Vivienne nodded, the promise of it settling in her chest like a quiet thrill. She wasn’t sure what this new beginning would look like. There was still so much left unsaid between them, so many questions yet to be answered. But she didn’t feel the overwhelming need to have all the answers right away.

For the first time in her life, she was willing to take a risk.

As they stood together, the weight of the moment settled between them—not as a burden but as something grounding, a foundation they could build on.

“We don’t have to figure it all out right now,” Alex said, her voice steady. “No timelines, no grand plans. Let’s just start with lunch.”

Vivienne blinked, her lips quirking into the faintest smile. “Lunch?”

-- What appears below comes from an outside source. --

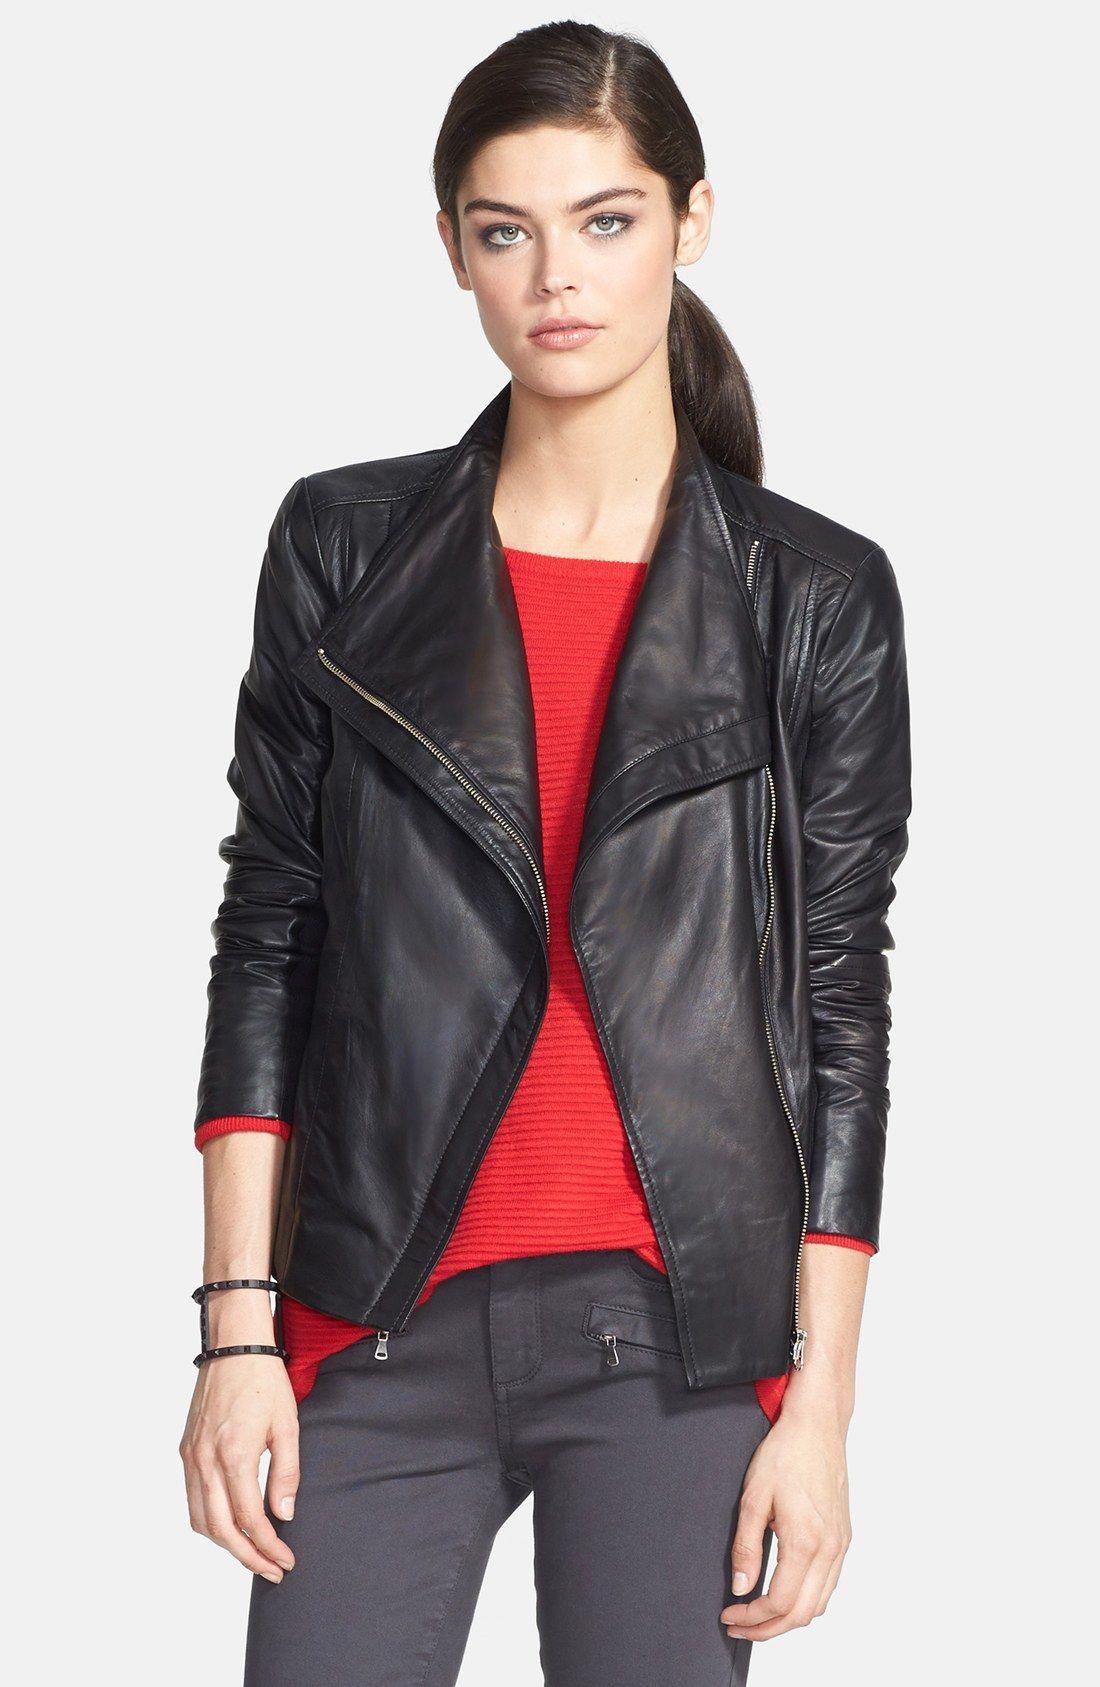 Chelsea28 Leather Moto Jacket Nordstrom Leather Moto Jacket Leather Jackets Women Leather Jacket [ 1687 x 1100 Pixel ]

“Yeah.” Alex grinned, her confidence returning. “Something simple. We’ll eat, talk, and see where it goes. No pressure.”

Vivienne hesitated, glancing around the office as if tethered to it by invisible strings. Her calendar was packed, her emails overflowing—but in this moment, none of it seemed as important as the woman standing before her. She could feel the beginnings of something unfamiliar yet thrilling: the choice to let go, to not have everything mapped out for once.

“Lunch sounds…good,” she said at last. “But you’re paying.”

Alex laughed, a rich, genuine sound that sent warmth blooming through Vivienne’s chest. “Deal.”

They left the office, their steps in sync, a quiet strength between them. As they stepped into the bustling streets, the city alive with the usual noise and rush, they moved together through the crowd, a united front against the uncertainty of the future. Their hands brushed together as they walked, the simple connection more grounding than anything they had said in the past few minutes. They didn’t have it all figured out, but they didn’t need to. For once, it was enough to simply be together, the rest of the world falling away.

The city felt brighter as they walked, the possibilities endless, the future unwritten but full of promise. And for the first time in what felt like forever, Vivienne wasn’t afraid to leap.